As interest rates rise and litigation continues to shape expectations, plan sponsors who understand float and can articulate why their arrangements are reasonable will be better positioned to withstand scrutiny.
Action Items for Plan Sponsors
- Review service agreements and fee disclosures to identify where float may be earned.
- Ask your advisor and recordkeeper for a clear explanation of float practices. Ask explicit questions: Where does float occur? Who earns it? Under what conditions?
- Evaluate float as part of total compensation, not in isolation.
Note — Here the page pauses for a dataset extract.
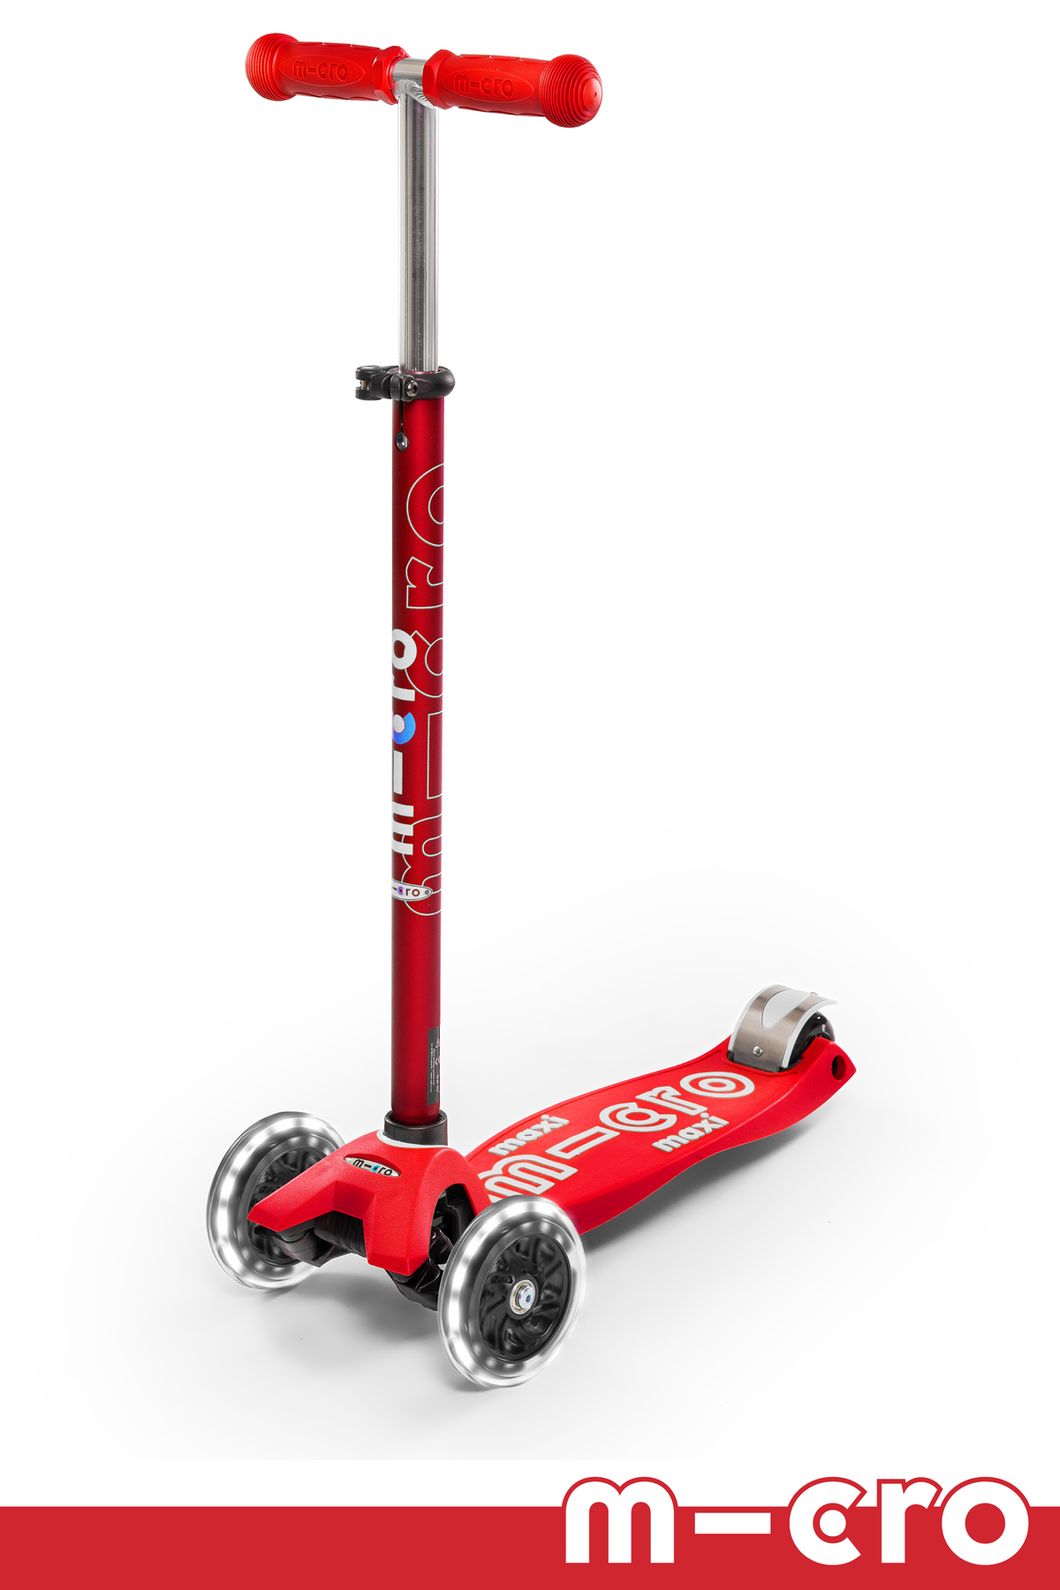 Maxi Deluxe Micro kickboard Scooter with LED Wheels
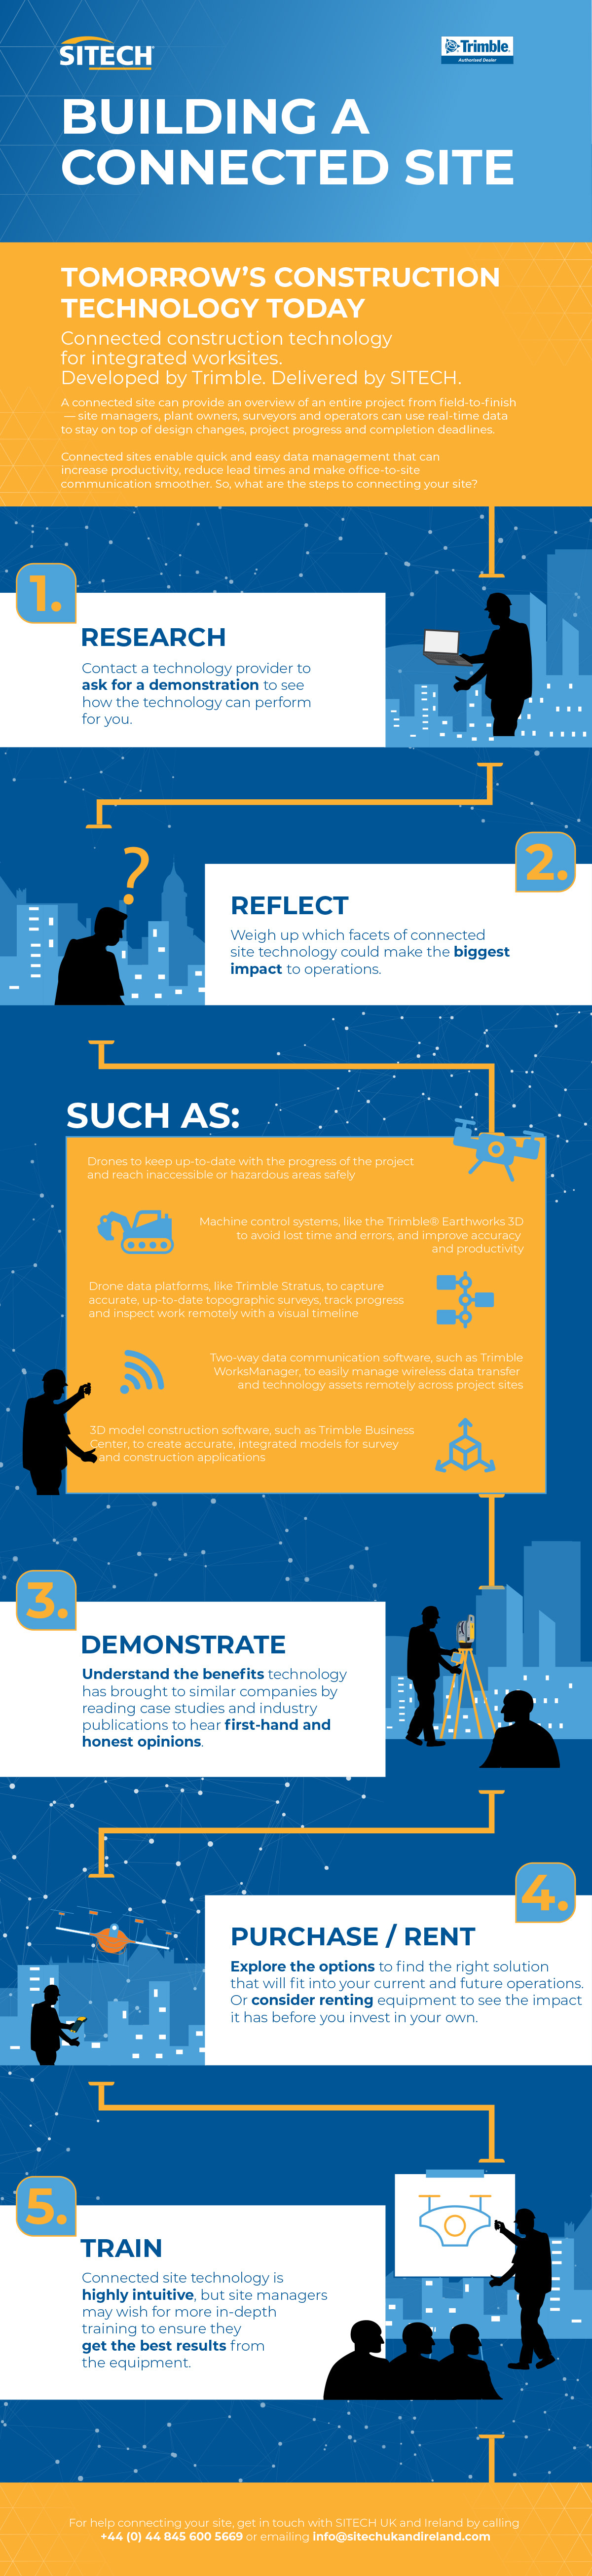 sitech-infographic-building-a-connected-site

Benchmark total compensation by comparing arrangements against alternatives.
- Document fiduciary decisions regarding compensation structures.
- Reassess arrangements periodically, especially as market conditions change and as service providers may make updates to agreements.
When it comes to float, the greatest risk isn’t earning interest, it’s not knowing who benefits from it, or why.
[i] U.S. Department of Labor, Employee Benefits Security Administration, “Disclosure and Other Obligations Relating to ‘Float,'” Field Assistance Bulletin No. 2002-03, November 5, 2002, https://www.dol.gov/agencies/ebsa/employers-and-advisers/guidance/field-assistance-bulletins/2002-03.
[ii] Tussey v. ABB, Inc., 850 F.3d 951 (8th Cir. 2017), https://law.justia.com/cases/federal/appellate-courts/ca8/15-2792/15-2792-2017-03-09.html; U.S. Department of Labor, Employee Benefits Security Administration, Advisory Opinion 1993-24A, September 13, 1993, https://www.dol.gov/agencies/ebsa/about-ebsa/our-activities/resource-center/advisory-opinions/1993-24a.
[iii] Espinoza v. Baker Hughes Holdings, LLC, 2025 BL 41893, S.D. Tex., No. 4:23-cv-01532, February 10, 2025.